Historic former synagogue in New London, Connecticut, US

The Ohev Sholem Synagogue is an historic former Jewish synagogue building, located at 109 Blinman Street in New London, Connecticut, in the United States.

Built in 1919-1920, the building is good example of the Classical Revival and Colonial Revival styles applied to synagogue architecture. The building served a religious function until 1974, when it was sold to a Latino community organization.

The building was listed on the National Register of Historic Places in 1995 for its architectural significance, and as part of a multiple property listing of fifteen historic synagogues in Connecticut.

==Description and history==
Ohev Sholem is located west of New London's main business district, on the north side of Blinman Street between Truman and Bank Streets. It is a two-story masonry building, built out of red brick mostly laid in Flemish bond. Its entry has double doors separated by an engaged column, set in round-arch openings. A large circular window stands above the doors, within a large brick archway that encompasses it and the doors. Four small windows flank this arch, two on each side. The façade is crowned by a stepped segmental arch with short flanking posts. The interior has a vestibule area, with stairs leading up to a former gallery (now offices), with the main sanctuary including what appears to be an original chandelier, and a recess in which the ark housing the Torah would have been placed.

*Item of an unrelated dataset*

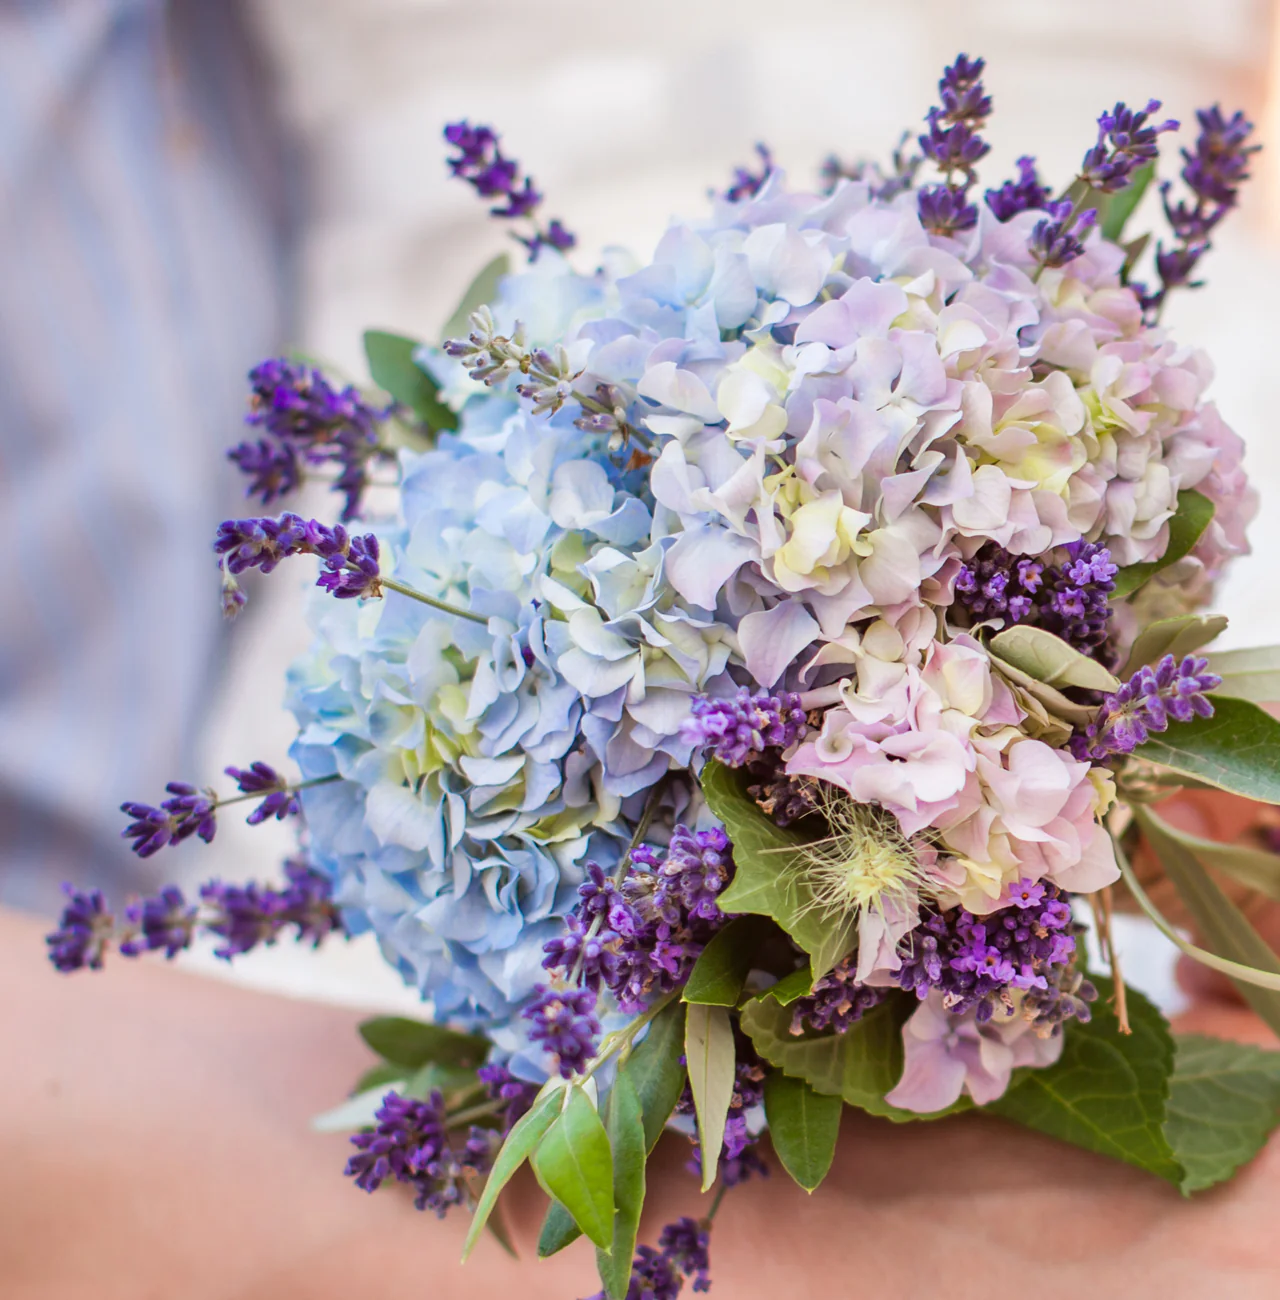 Lavendel uit eigen tuin gebruiken op je bruiloft bruidsboeket

The Ohev Sholem congregation appears to have had its organizational original in a community support organization in which local Jews cared for their ill and infirm. That organization purchased the land on which the temple stands in 1916, and began construction of the building in 1919. The architect of the new building was Dudley St. Clair Donnelly and the builders were carpenter Samuel Brody and mason Thomas Occhialini, all of New London. The building is architecturally significant within the state for its distinctive combination of Classical Revival, Colonial Revival, and Romanesque Revival features. The congregation was merged with another in 1974, at which time the building was sold to La Centro de Comunidad, a Latino community organization. It is likely that certain trappings of Judaism (such as a probably Star of David in the circular window on the facade) have been removed from the building.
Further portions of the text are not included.